▶ [Exercise data]
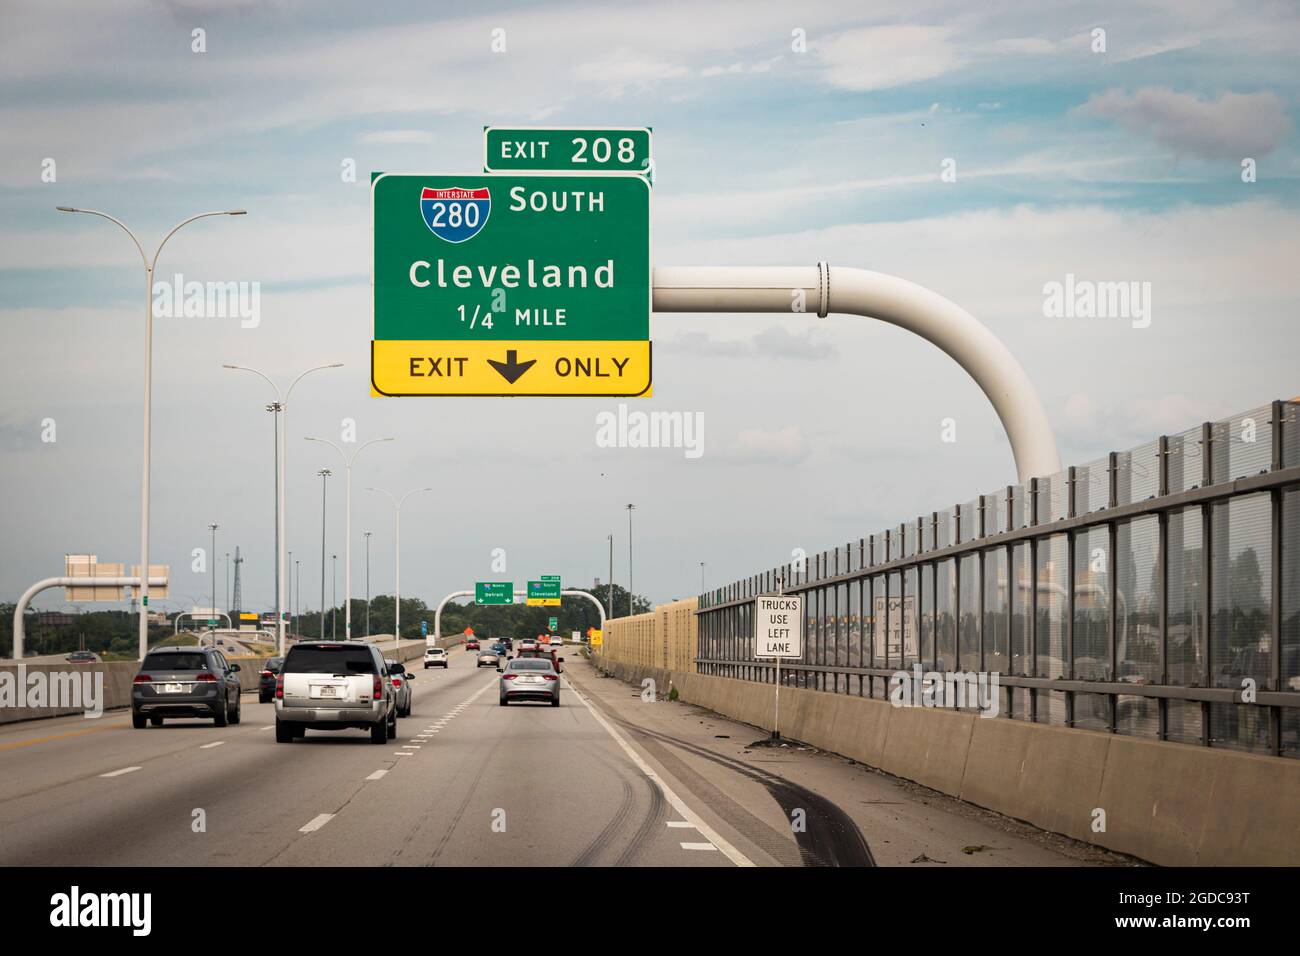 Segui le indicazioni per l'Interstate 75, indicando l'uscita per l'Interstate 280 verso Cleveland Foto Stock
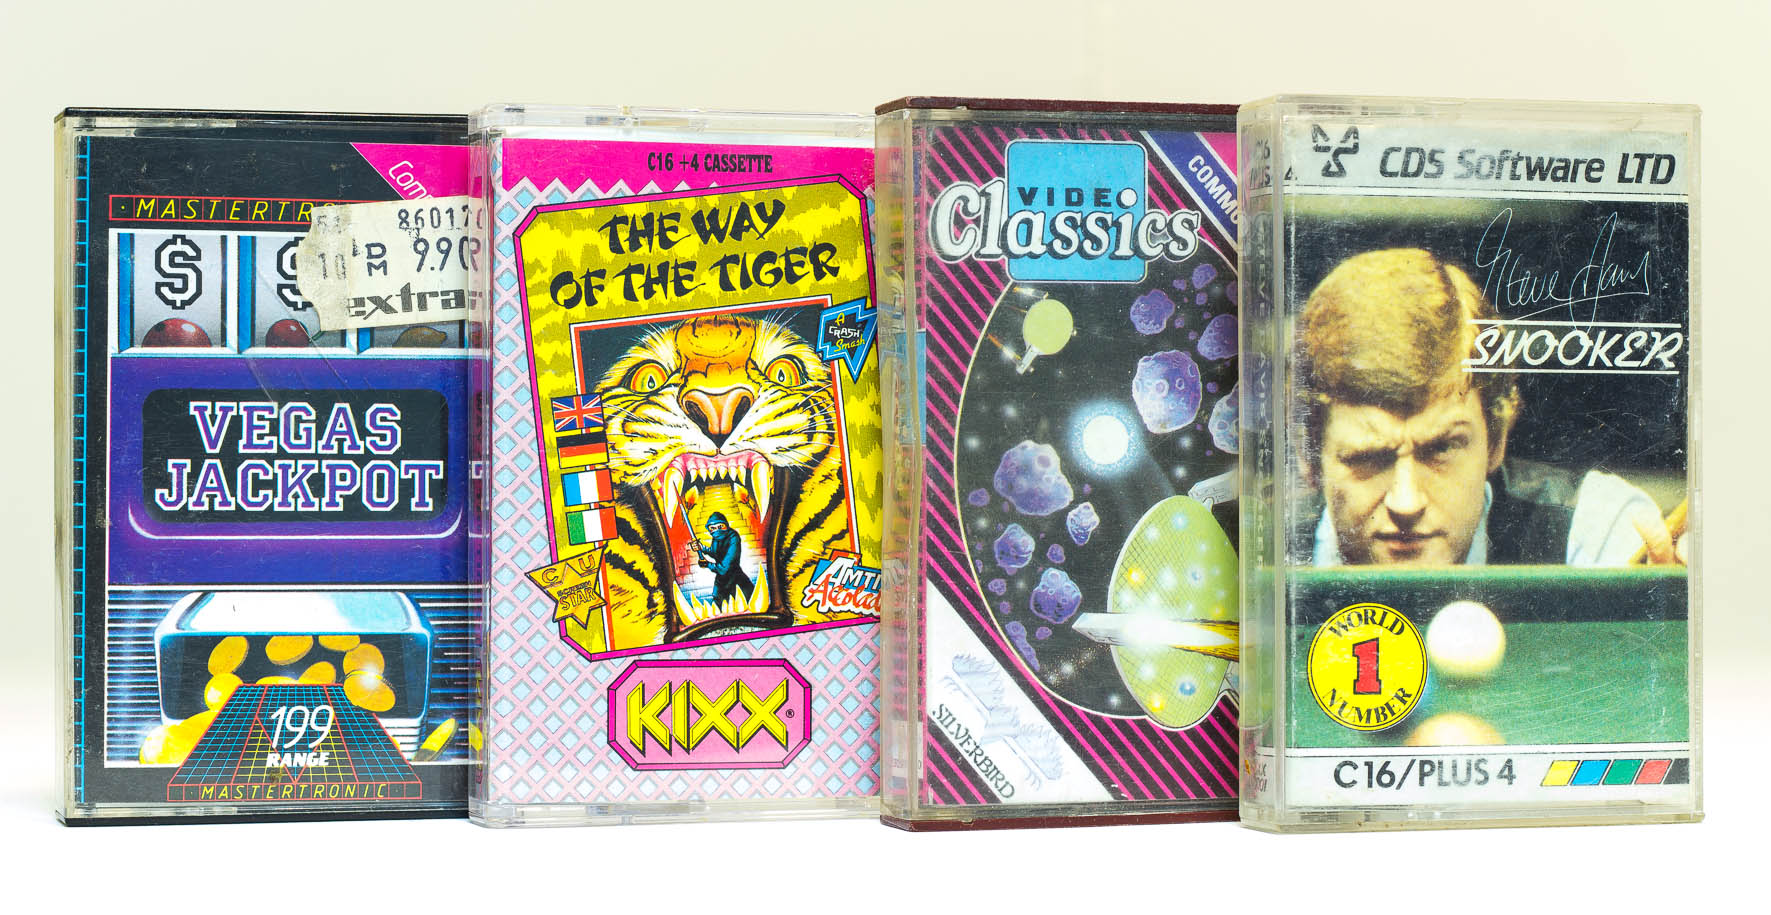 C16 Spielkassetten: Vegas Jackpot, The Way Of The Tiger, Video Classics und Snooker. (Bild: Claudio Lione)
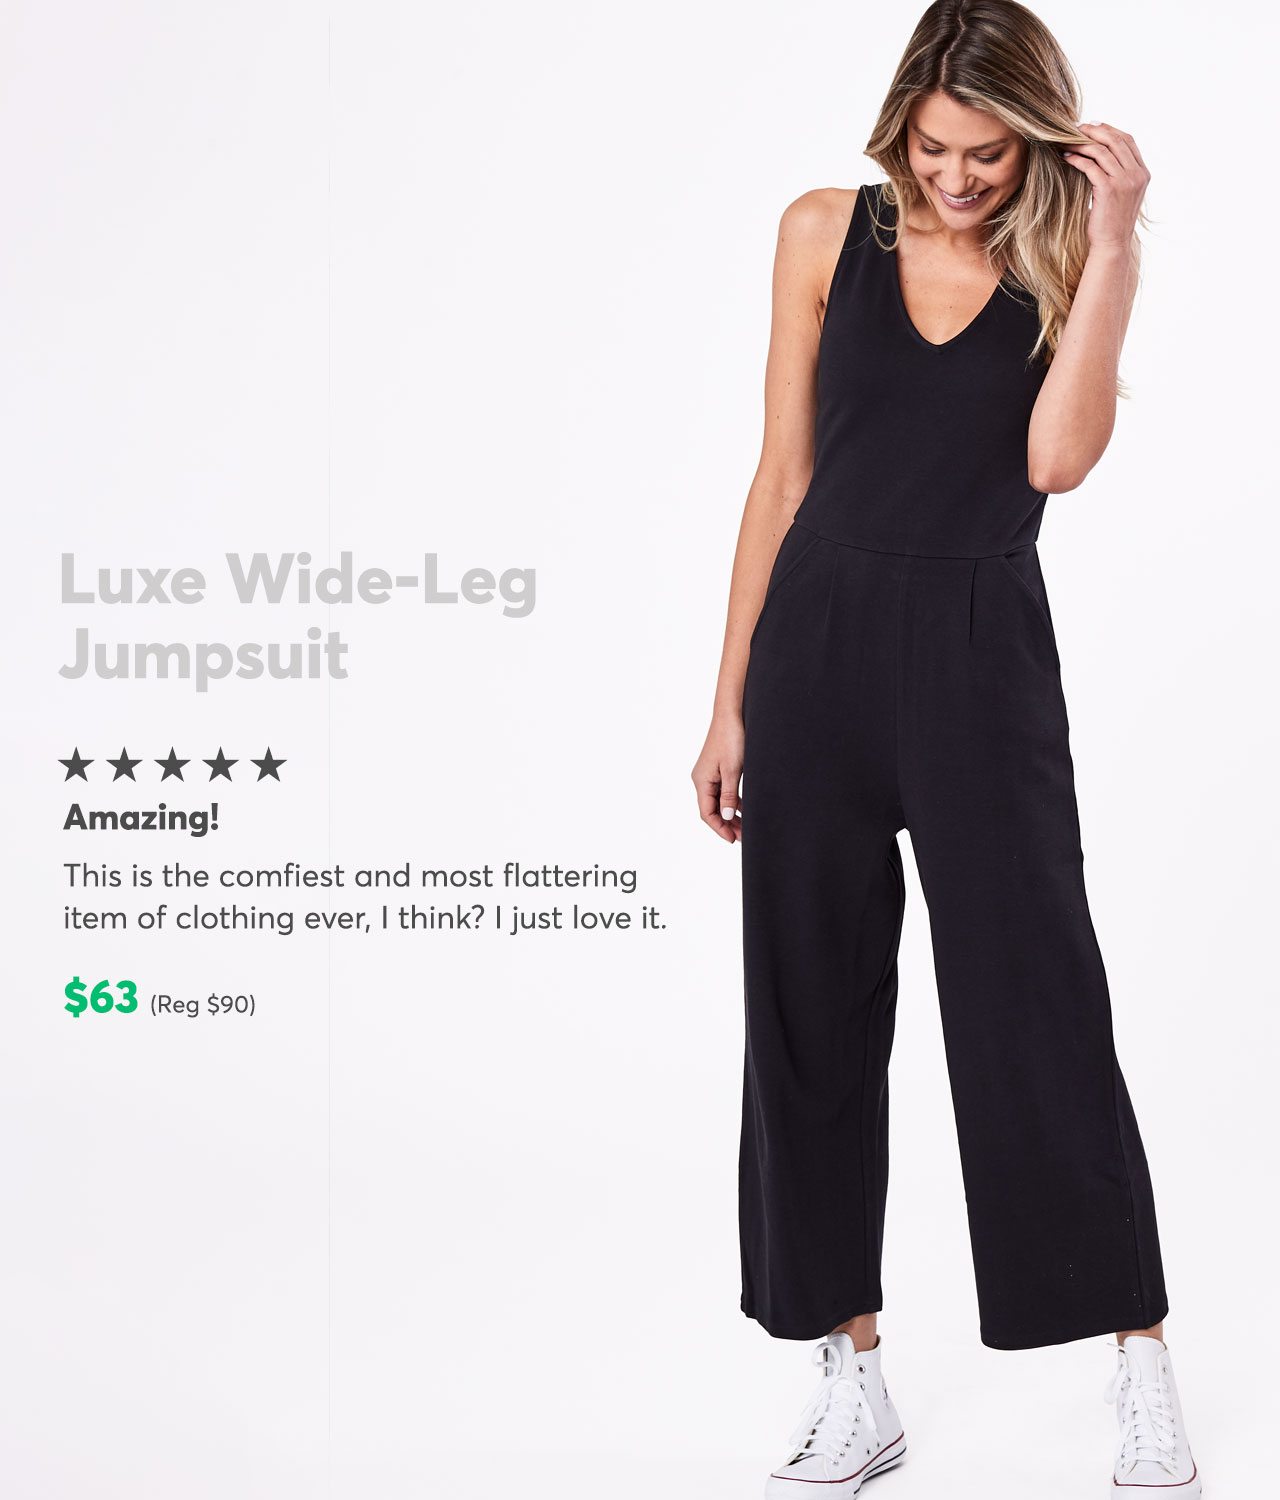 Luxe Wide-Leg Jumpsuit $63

▶ [Work task] Repeat all the data as it stands, dropping any images it holds.

▶ [Written answer]
 Segui le indicazioni per l'Interstate 75, indicando l'uscita per l'Interstate 280 verso Cleveland Foto Stock
 C16 Spielkassetten: Vegas Jackpot, The Way Of The Tiger, Video Classics und Snooker. (Bild: Claudio Lione)
 Luxe Wide-Leg Jumpsuit $63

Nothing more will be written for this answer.